We all know that computers are becoming increasingly parallel. The latest generation of x86 processors have 12 cores and Intel recently announced an experimental 48 core processor. A lot of attention has focussed on the associated reductions in clock speeds which makes software run slower, but less attention has focussed on other issues such as changes in the amounts of cache available and more contention for memory bandwidth.

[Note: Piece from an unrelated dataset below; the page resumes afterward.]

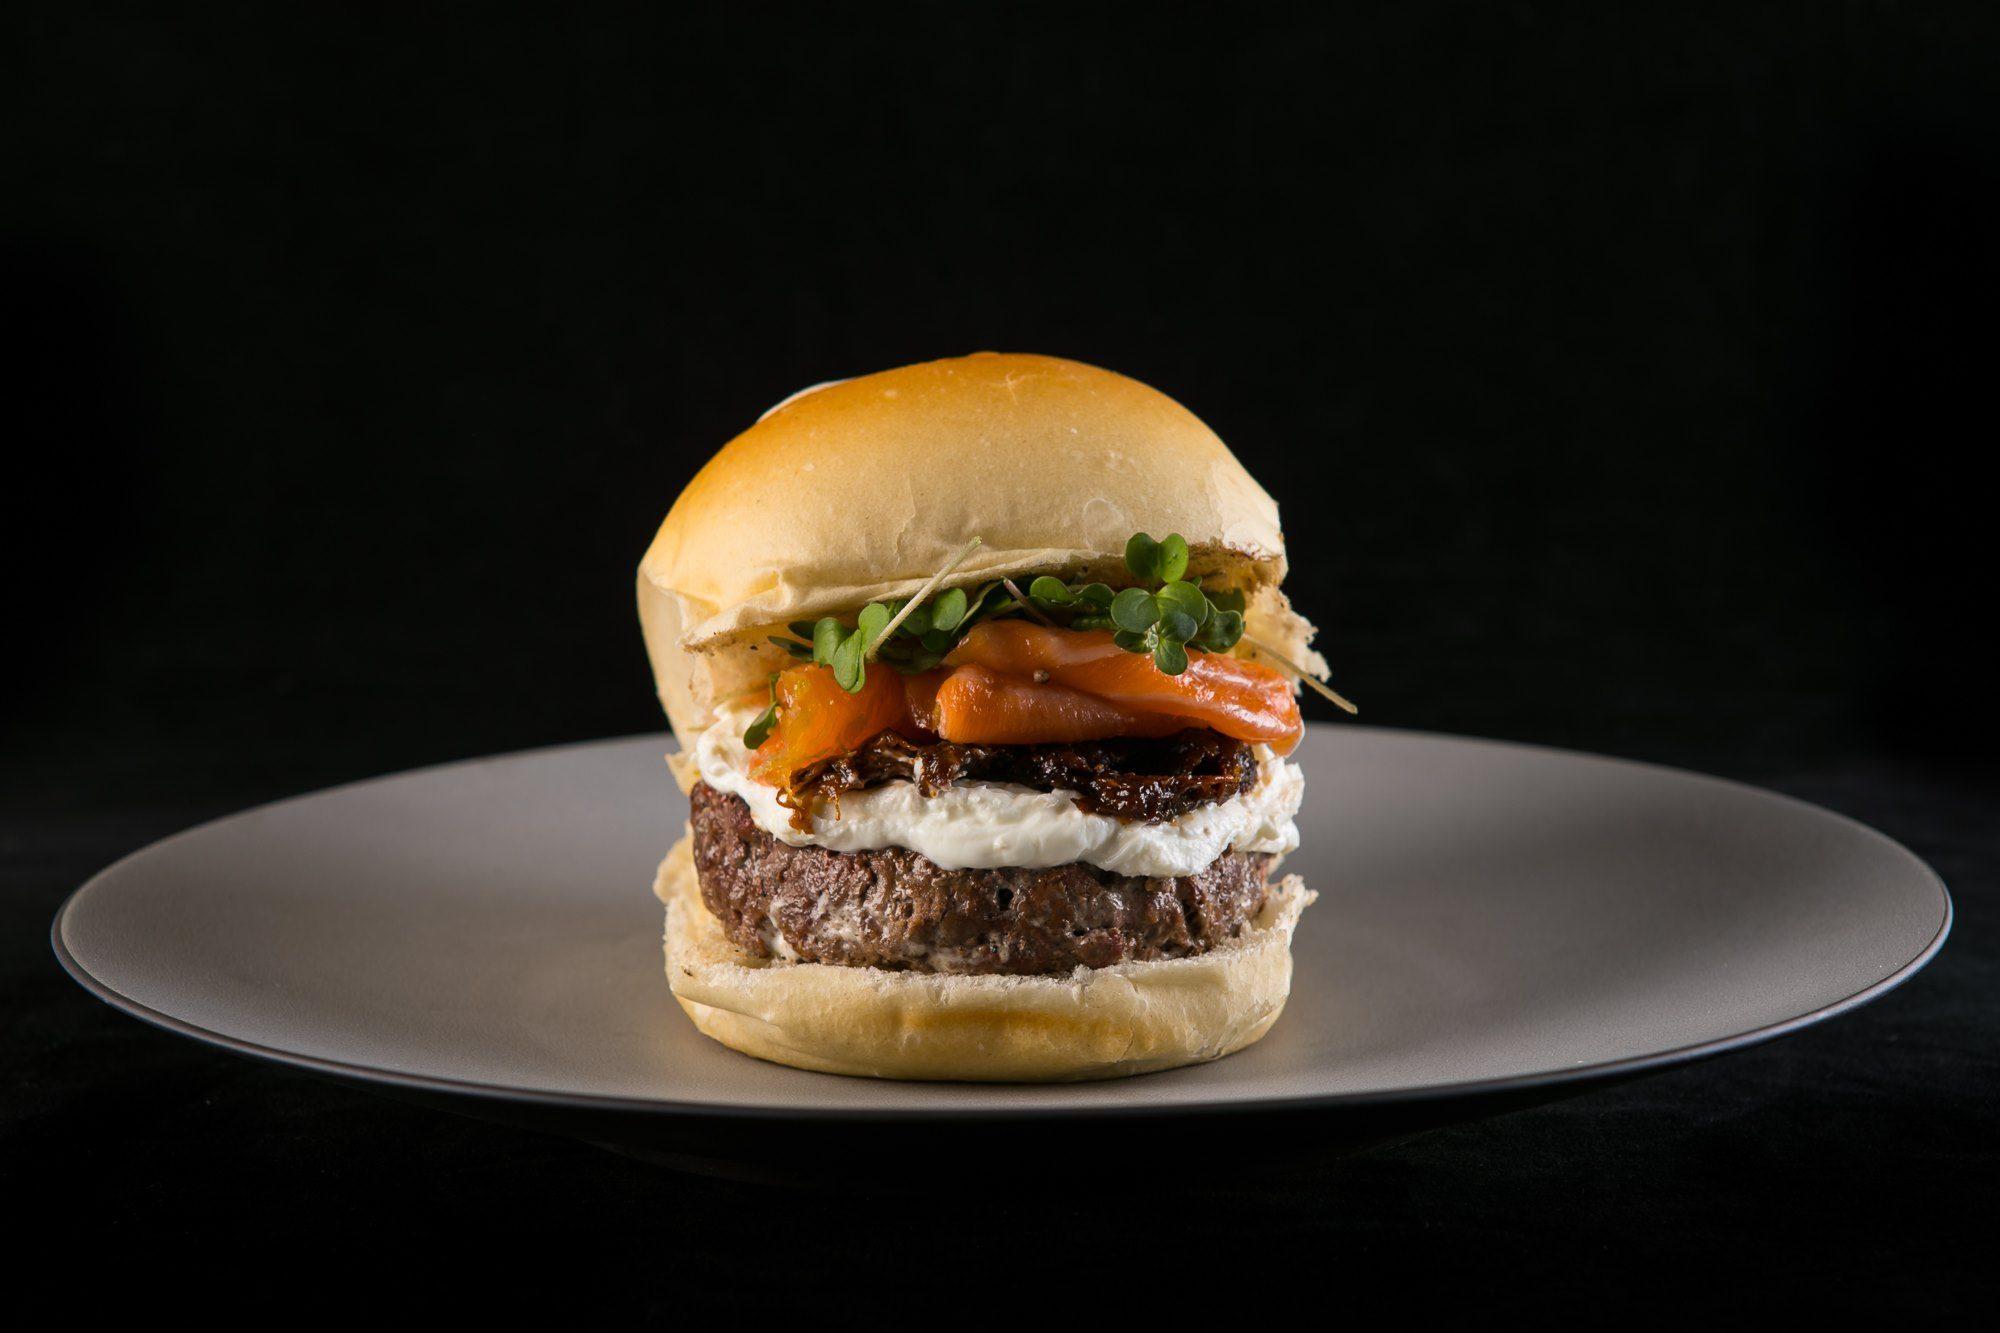 Hamburger selezionato, salmone affumicato selvaggio, prugne appassite, formaggio fresco di capra e spinacino condito con aceto di lamponi – Da Gigione

The fact is that access to memory is fast becoming the scarce resource, rather than CPU cycles. Most mathematical algorithms in the NAG Library (and other similar software) are designed for ease-of-use with the user passing in a collection of data structures describing the problem to be solved and the routine only exiting when it has calculated the answer or an error is encountered. However we do have a number of routines which take a different approach, called reverse communication. Here, the user provides some initial data and when the routine wants more it stops. State is preserved between calls but the routine never "sees" all the input data at once. An example is f11be which solves a sparse system of equations Ax=b. Instead of supplying A and b explicitly, the routine stops when it needs information like the value of Au where u is an intermediate estimate of the solution.

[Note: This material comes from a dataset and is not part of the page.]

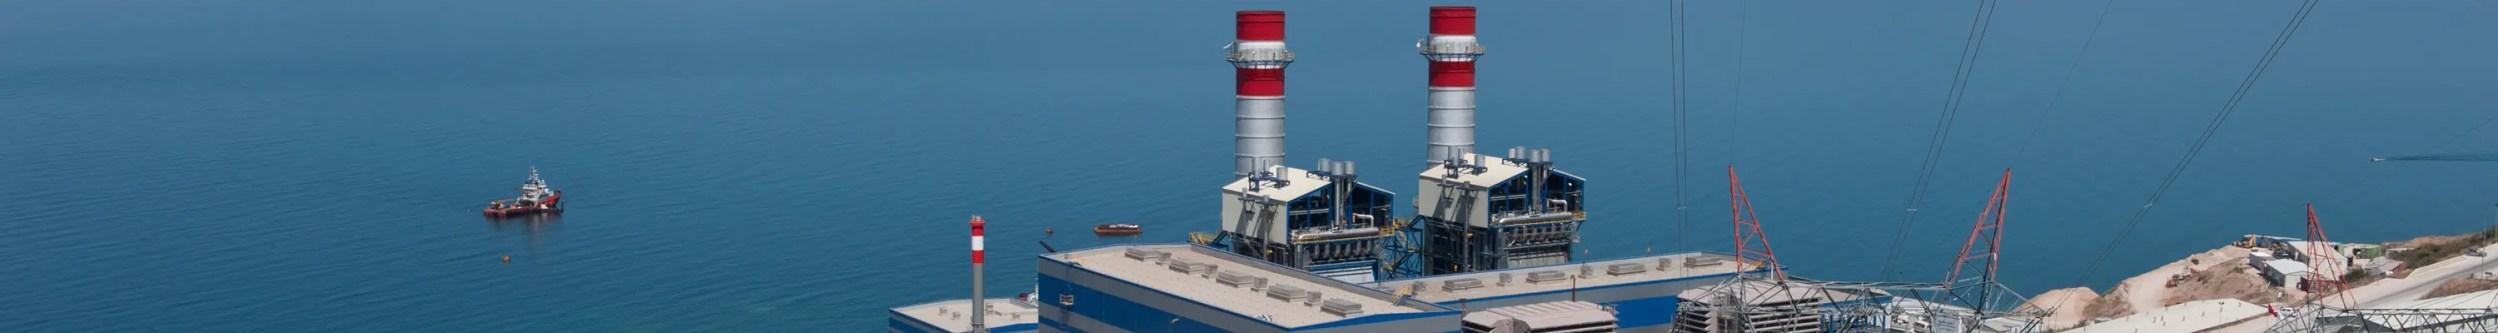 Errichtung fossiler Kraftwerksanlagen

There are two main advantages to this approach. First, the user can carry out other computations with the data while iterating over it, reducing memory access. Secondly, the user can represent thne data any way that they want, rather than being forced to use the layout mandated by the routine being called. Of course there are downsides too - the user may unwittingly choose a representation for their data which is very inefficient, and of course their program will be more complicated. Nevertheless this may be a much more efficient way of using libraries like ours in the future, and its possible that many of our new routines will follow this approach in years to come.